WHAT IS NEEDED: When you return the data, keep every word exact and include none of the images.

INFORMATION SHOWN:
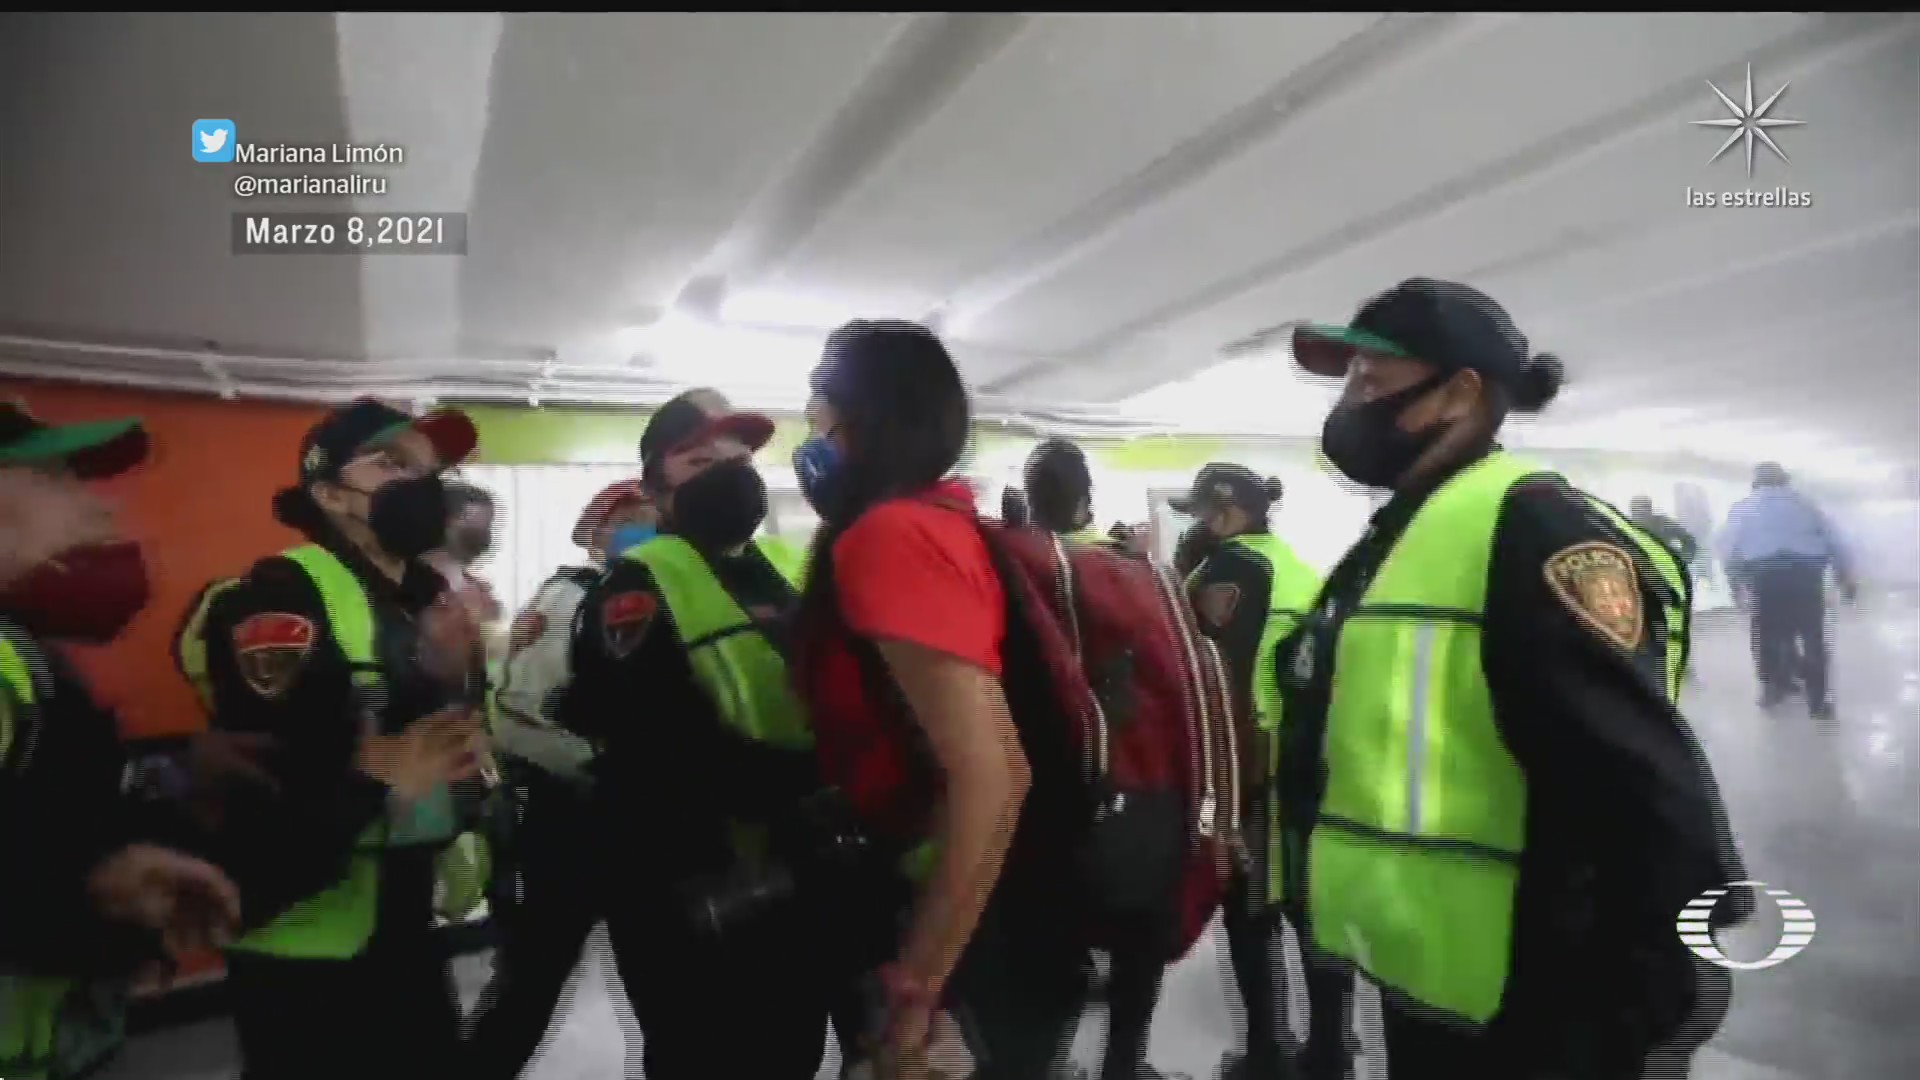 policias no aplicaron protocolos de actuacion durante marcha 8m dicen activistas
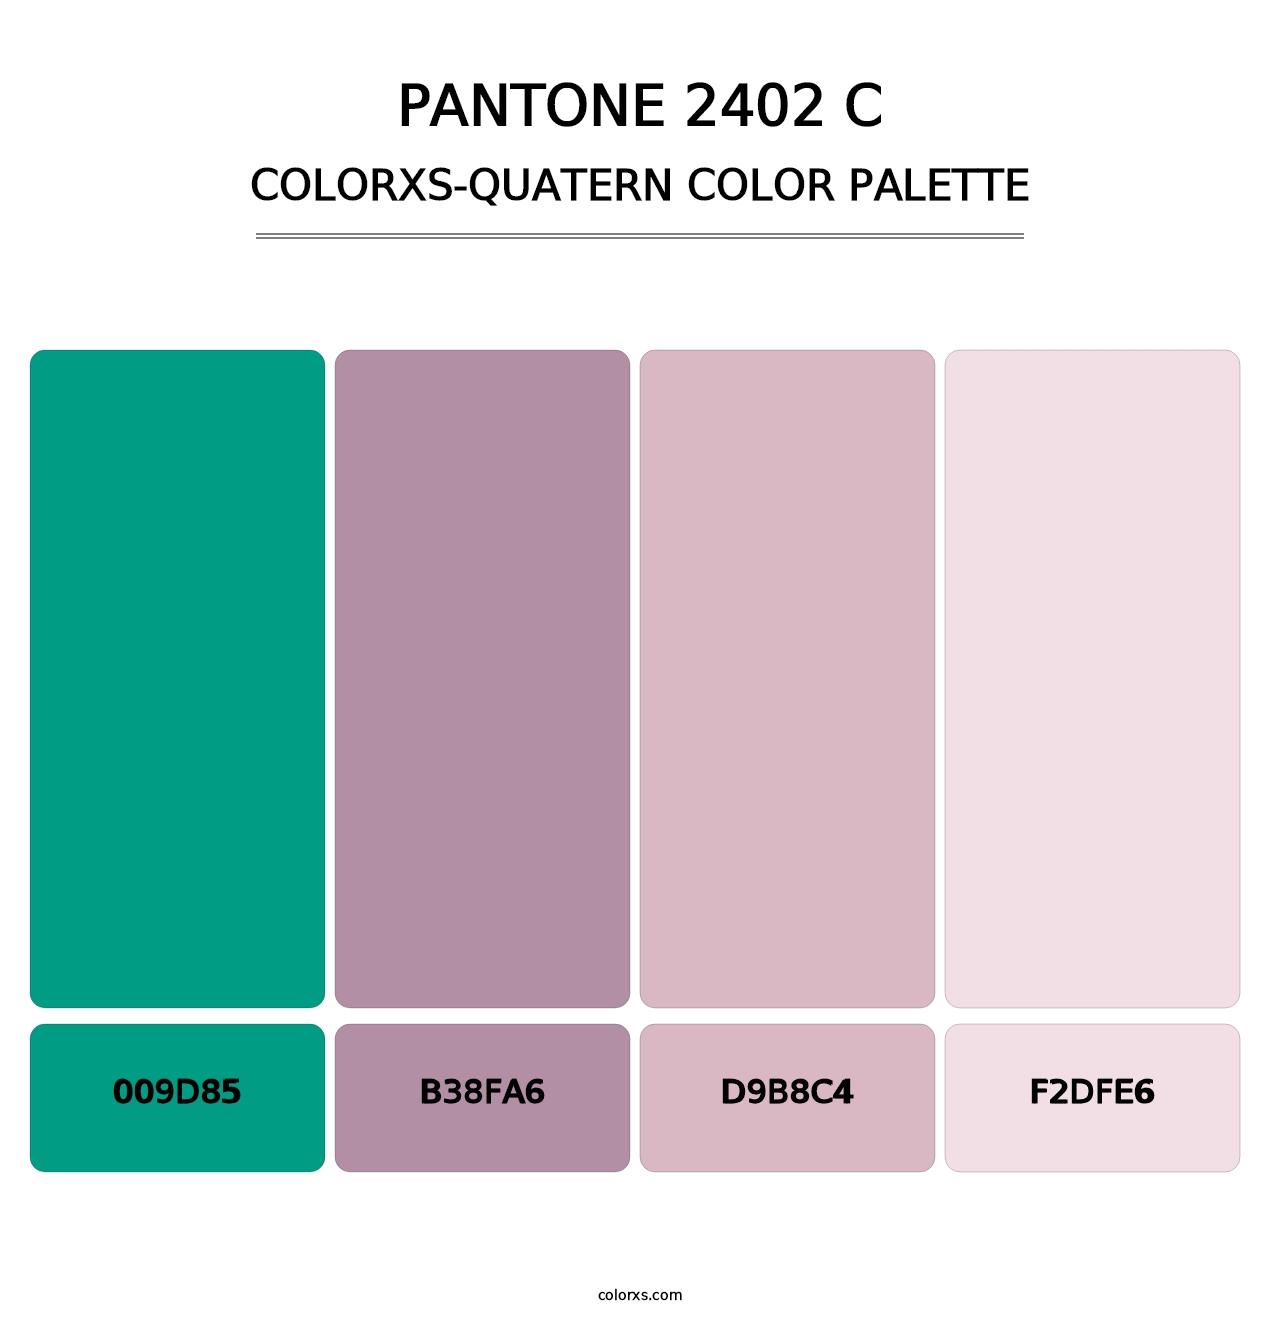 PANTONE 2402 C - Colorxs Quatern Palette
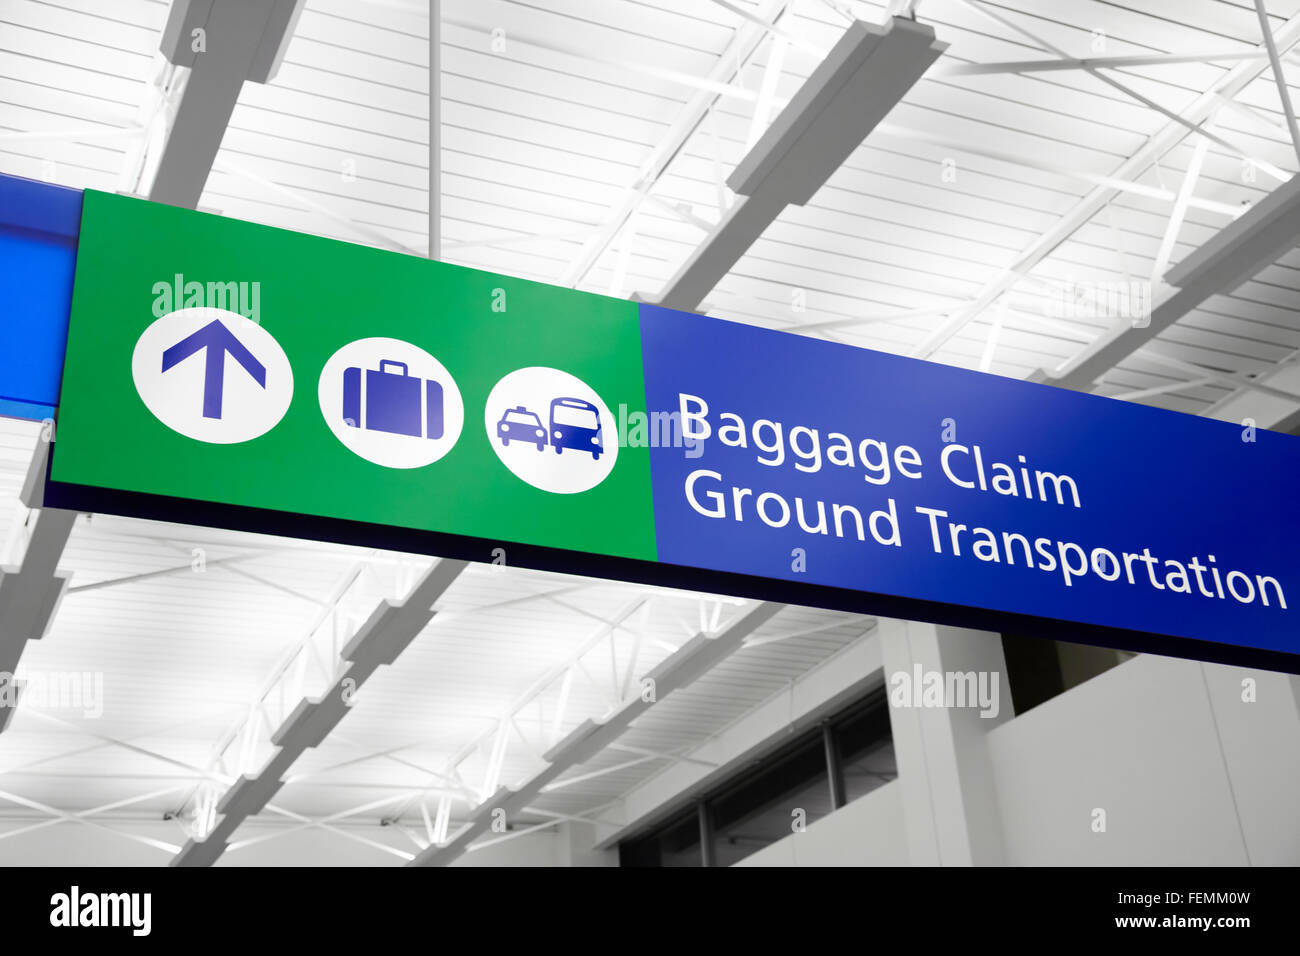 Reclamación de equipajes en aeropuertos y transporte por tierra firme con maleta, autobús, taxi y símbolos. Signo es el azul y el verde. Foto de stock

ANSWER FOR THE TASK:
 policias no aplicaron protocolos de actuacion durante marcha 8m dicen activistas
 PANTONE 2402 C - Colorxs Quatern Palette
 Reclamación de equipajes en aeropuertos y transporte por tierra firme con maleta, autobús, taxi y símbolos. Signo es el azul y el verde. Foto de stock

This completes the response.